In Eastern France on a bleak windswept and snow covered day in 1979, Maurice rescued a dilapidated and moth eaten US military Piper Cub. Her story began during the 1944 Normandy invasion when General George Patten of the 8th Army was believed to have flown her during those famous operations. She had a 32 ft wing span and 21 ft fuselage with an all up weight of 1250 lbs. A ‘spotter plane' - model J3 L4, the ‘L' standing for ‘liaison' - she was designed to land in ploughed fields, taking messages between tank commanders. One industrious US airman even fixed rocket grenades to her flimsy structure bagging a brace of German tanks before reaching Berlin.

Her rescue from France required the avoidance of airfields due to Maurice being rather light on paperwork. She crossed the Channel in fog on route to Biggin Hill, landing on the former's nearby golf course instead of the airfield ‘over the fence', which had ‘too much snow on the runway'.

On the British aircraft register she was named G-KIRK which later gave inspiration for the name of Maurice's second daughter, Genevieve. That summer she was part of the famous ‘Rough School of Flying' on the Quantock hills alongside Maurice's Stampe biplane and a collection of various Austers, for aerobatics and to teach newly qualified pilots how to, as Maurice would say, ‘enjoy themselves'.

Arriving back, one day, from filming the ‘Fastnet Tragedy', of sailing ships sinking off Lands End, Maurice found ‘Liberty Girl' upside down in an adjacent field from where she was last parked. That was to be her first rebuild.

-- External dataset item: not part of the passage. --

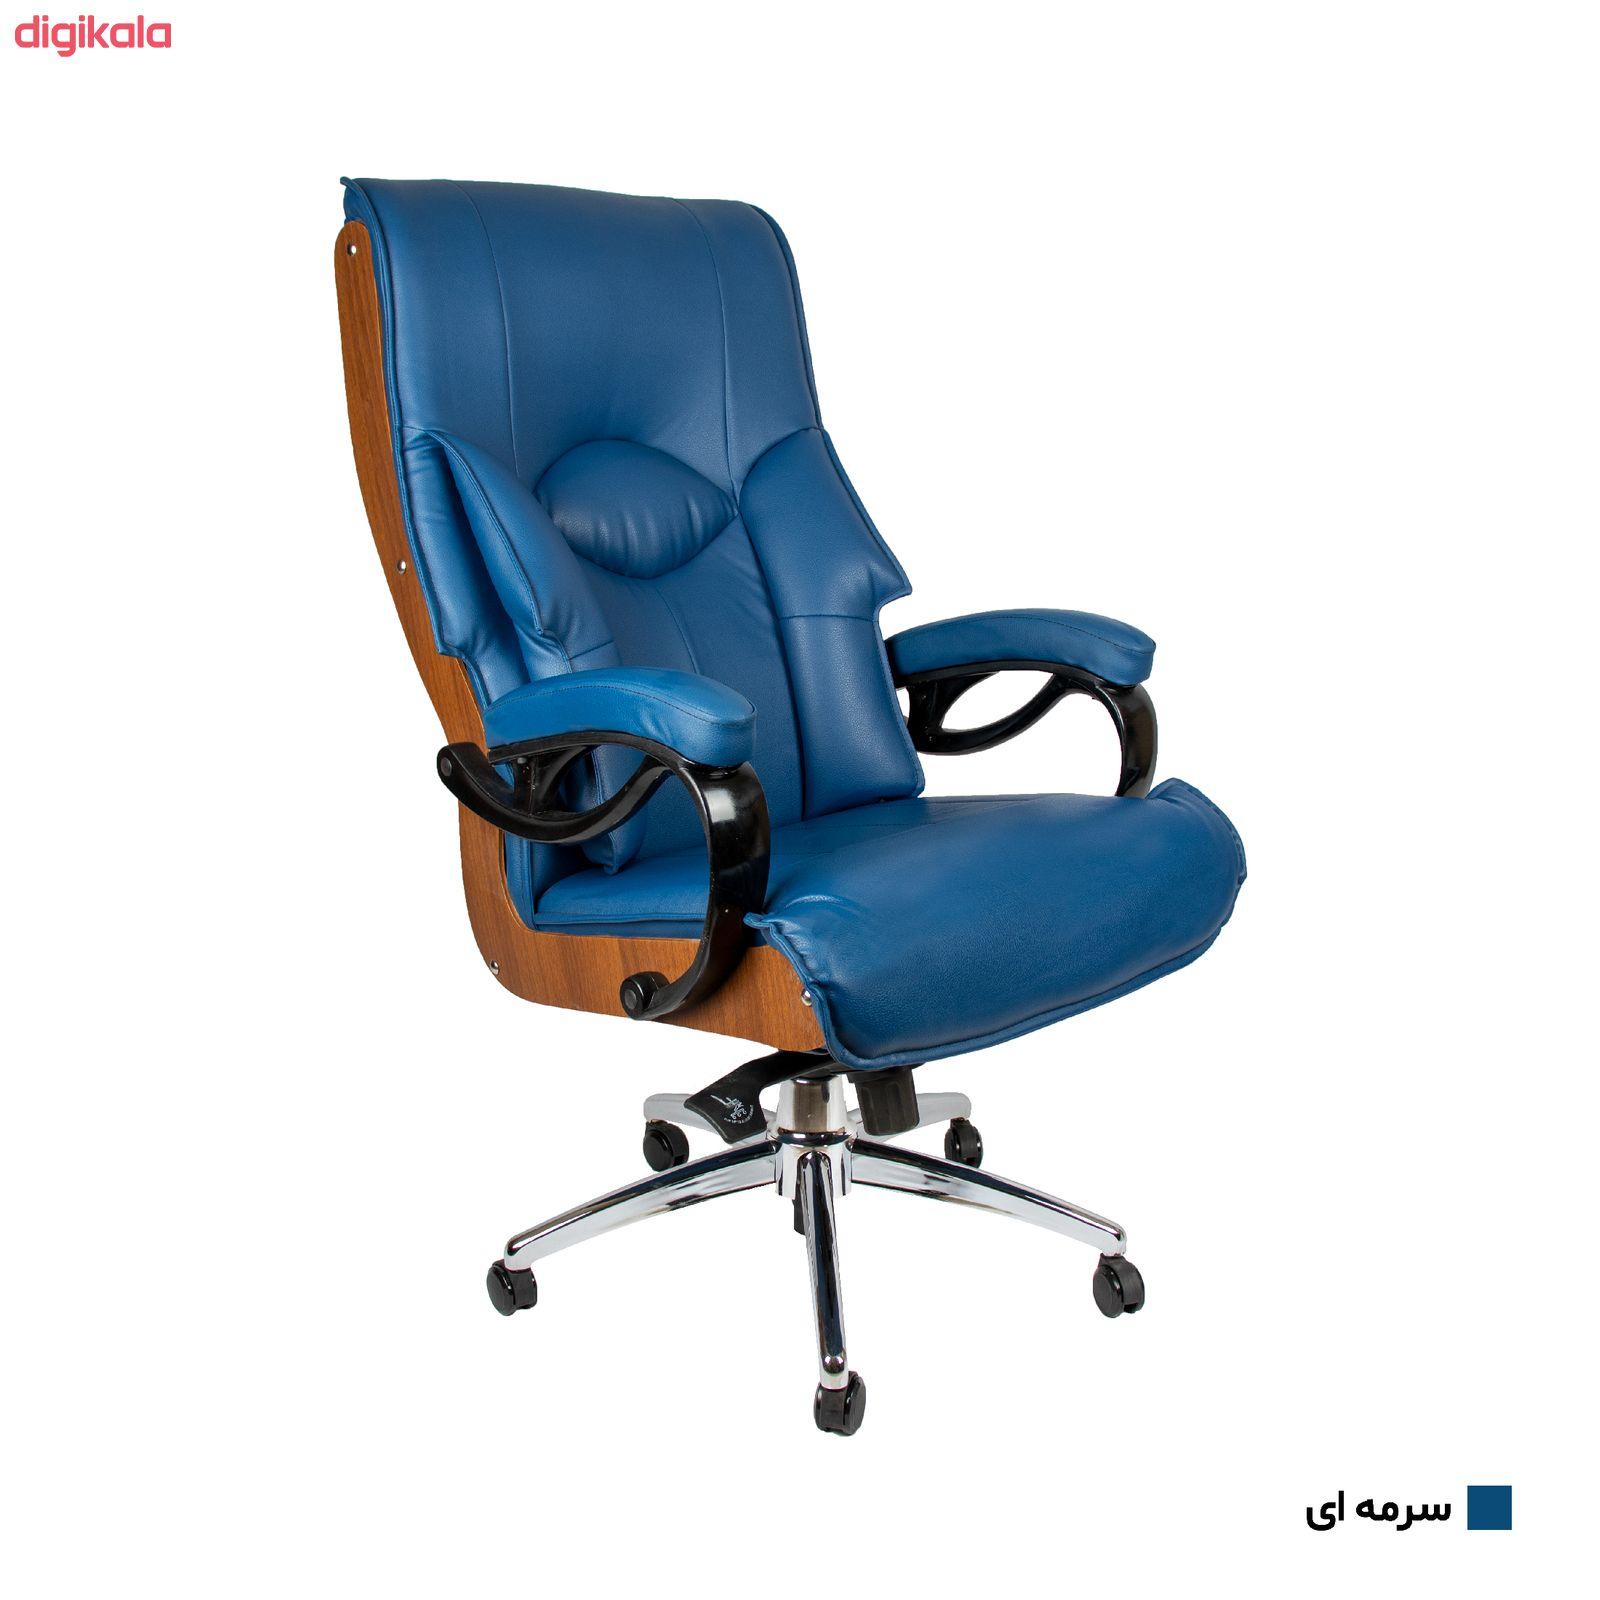 صندلی اداری آرکانو کد M900D main 1 7

‘Liberty Girl' lay dormant in a Somerset barn for another 14 years before a second rebuild, this time in Wales. Maurice was now ‘in funds' having at last recovered from a horrendous 14 years living and working as a vet in Guernsey.  

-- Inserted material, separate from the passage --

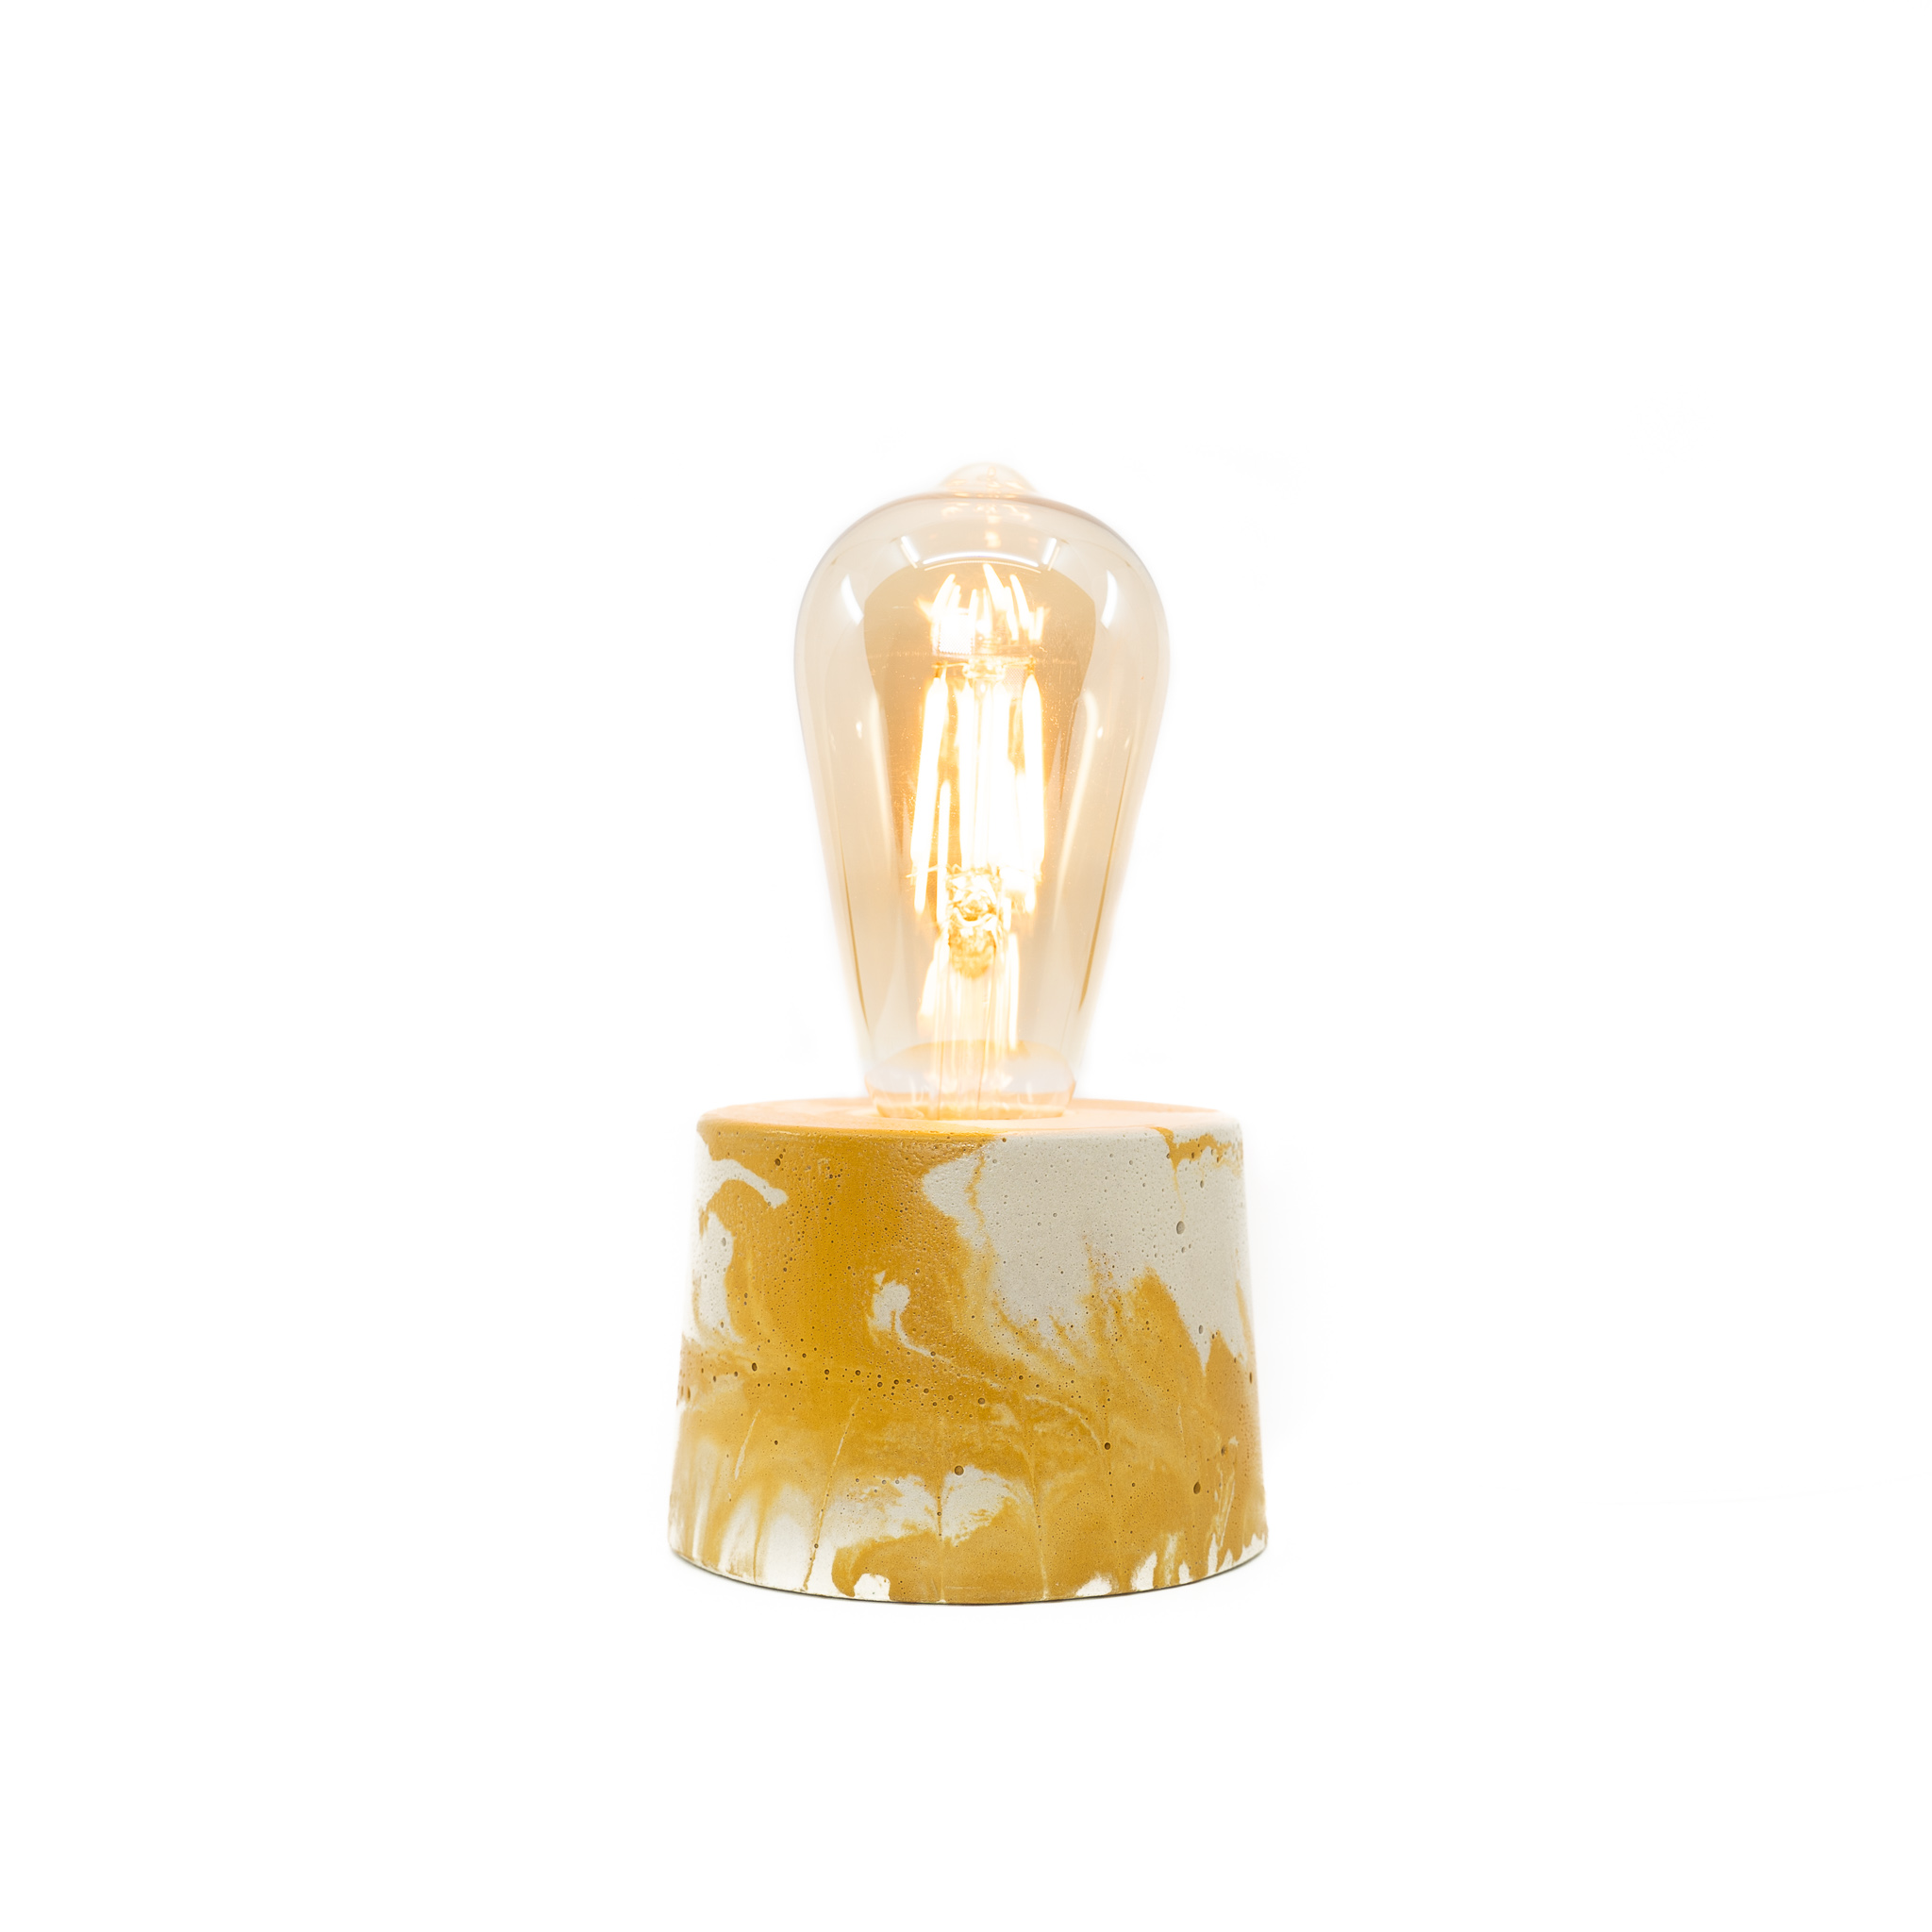 Lampe cylindre marbré en béton jaune et bleu fabrication artisanale

In 1997 in a howling winter gale and off to a party, Maurice experienced his 12th engine failure having to dive her from 400ft, perpendicular to the ground, to achieve a 180 turn into a 40 mph tail wind. The wheels touched just ten yards from a thorn hedge into which Tim his brother and he had to extricate themselves with great difficulty before she might burst into flames. She didn't. With just a bent undercarriage and holes in the fuselage from horses eating the fabric she was soon airborne again. Her stall speed, incidentally, is around 38mph, cruise speed 75 mph at 18 miles to the gallon. She used to operate (just) out of a 200m field outside Maurice's kitchen window. "Always a grand site, first thing in the morning" Maurice would say.

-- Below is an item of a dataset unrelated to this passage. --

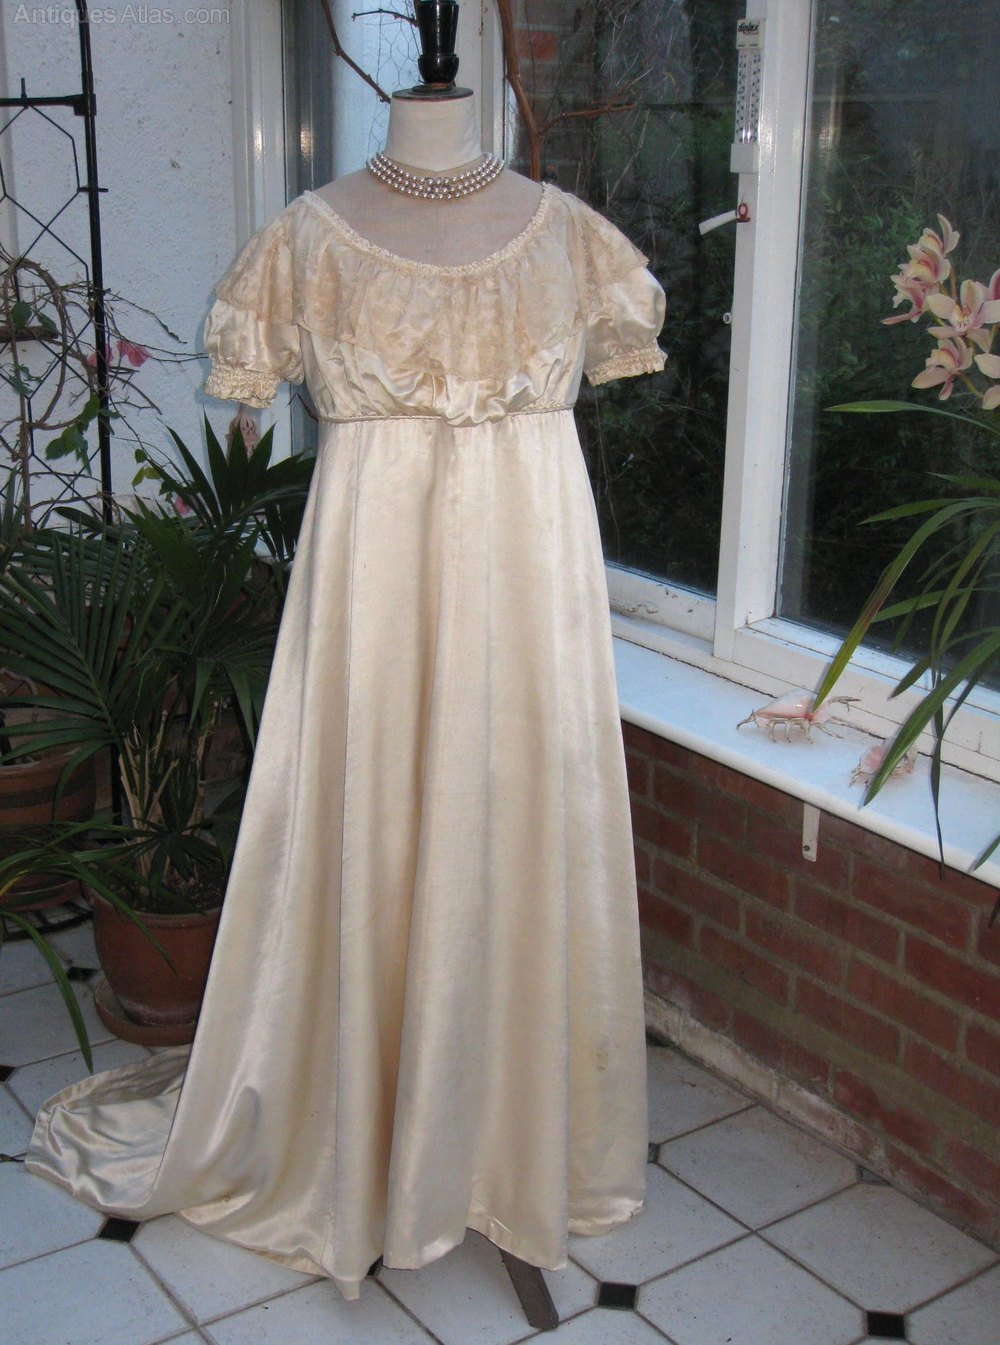 Antiques Atlas - Antique Elegant Ball Gown In Silk Satin C ...

The 2001 London to Sydney Air Race of thirty five aircraft was first brought to Maurice's attention by his first wife Janet, who sent him an advertisement for the event in a clipping from the Daily Telegraph. She suggested he should ‘go for it'. The initial spark of interest was later turned to full flame by an American, Lyle Campbell Esq., who chancing upon Maurice's website and being much entertained by what was there, stumped up the £25,000 entry fee.

After completing the 14,000 mile air race, even though disqualified after the first day, against the odds and the police helicopters who surrounded him at the fly past of Sydney Harbour Bridge - for some unexplained reason it was suspected that Maurice intended to loop the famous landmark - ‘Liberty Girl' was boxed to New Zealand for her third rebuild.

London to Sydney was followed by his entering the New Zealand Air Race and then she flew up to Darwin to achieve a world record from Norfolk Island to Brisbane. Liberty Girl met her fate over Kanazawa City, Japan on her fourteenth engine failure, causing her to land under the wires all but to hit a truck. The local police who attended the crash site were wholly unprepared for such an event, more so Maurice who later escaped custody in nothing other than a Kimono and neck brace. Lucky for Maurice they soon recognized the folly of holding him and allowed him out of the country.  

After her third rebuild she left for Florida on route to Argentina and then, if not the South Pole, Alaska where her floats were quietly waiting. Unfortunately for her and almost for Maurice she went down to a watery grave in the Caribbean. Maurice survived sharks and defective buoyancy equipment to land in the UK some days after much international publicity, shaken and bruised but not deterred enough to suggest the existence of a ‘Liberty Girl II' waiting for the call to flight at some as yet undisclosed location.